Katy Barnard/ Mustang News

Faculty, staff and students filled Chumash Auditorium on Tuesday, when California State University Chancellor Timothy White held an open forum. Some attendees wore red shirts to support the California Faculty Association, while others donned duct tape and signs to show solidarity with ethnic studies, women’s and gender studies and more. Here’s what you missed.

Ethnic studies sophomore Jabemarvis Sanchez Williams

“In regards to the open forum, I felt like Chancellor White did a lot of redirecting. I was asking him a question about budgeting and funding for the Ethnic Studies Department, and he kind of just redirected me to another source, our president. And I felt as if, in certain circumstances, the Chancellor has more power in delegating funding than our president, and there’s a reason why I went to the CSU Chancellor for these questions besides our president because I haven’t been receiving a lot of success when contacting President Armstrong.”

Political science sophomore Matt Klepfer

“I thought the protest went really well. Certainly, the answers he provided us were not helpful in any way, but that really wasn’t the point. The point was to raise awareness to these issues facing queer studies, ethnic studies and women and gender studies. And I think we were very successful in doing that.”

History senior Sam Holzer

“I think today’s demonstration — today’s protest — and the three questions that Jabe, Matt and I got to ask was successful. I was most disappointed in Chancellor White’s deflection of the questions and of his kind of non-acknowledgement of a lot of the issues that face marginalized students on this campus. I appreciate him taking ally training, but I’d actually like to see significant policy changes at the California State level and across the CSU system. And he really addressed and talked about none of those, which was unfortunate.
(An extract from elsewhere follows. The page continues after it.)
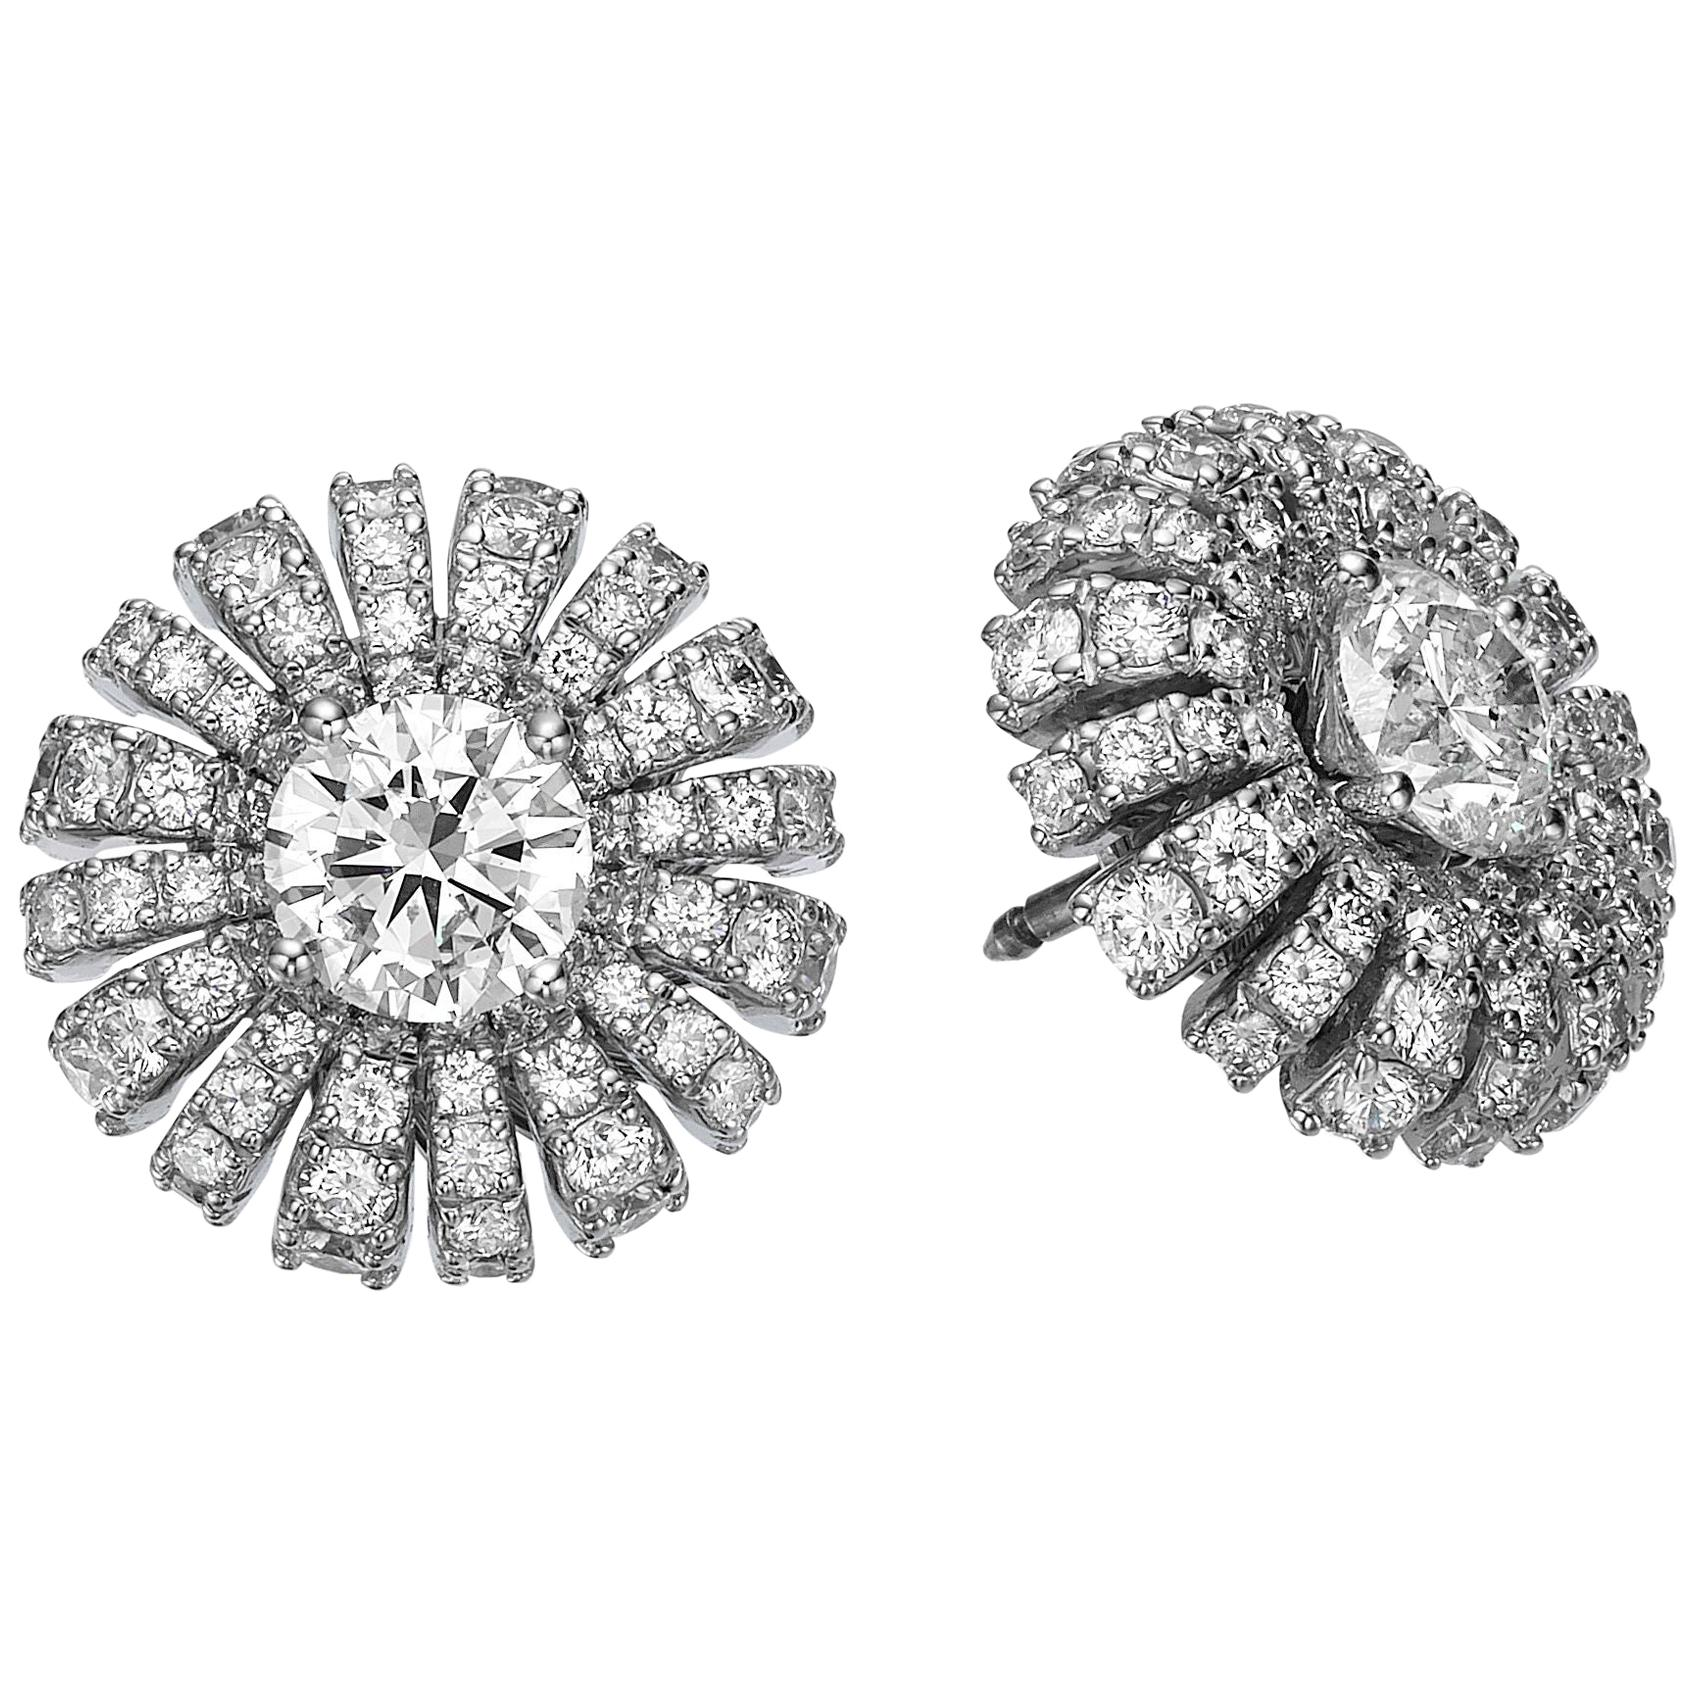 EGL Certified Interchangeable Diamond Floral Earring set -Sapphires & Emeralds

So I was most disappointed in his answers, but I thought that our actual demonstration and our questions were successful in actually raising those issues.”

Psychology sophomore Sena Agbemadon

“The reason I came out today was I think it’s important that Cal Poly has more diversity and representation in their courses and what they have to offer, and I really just came to support the larger cause.”
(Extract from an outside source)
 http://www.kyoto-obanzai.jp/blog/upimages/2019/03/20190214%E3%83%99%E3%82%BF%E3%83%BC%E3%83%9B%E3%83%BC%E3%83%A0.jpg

Child development sophomore Colleen Mayone 

“I’m here to support Mick and Matt and their attempt to change the way that we have ethnic studies, queer studies and women and gender studies curriculum in our school.”

Political science sophomore Mick Bruckner

“We want to make changes in curricular offerings at the CSU level to include women and gender studies, ethnic studies and queer studies in the CSU curriculum.”

Architecture freshman Caroline Ambrose

“I’m really excited. I haven’t been a part of something like this at Cal Poly before, and I think we have a group of people who are really dedicated to the cause. So, I’m excited to see how far we can go with this.”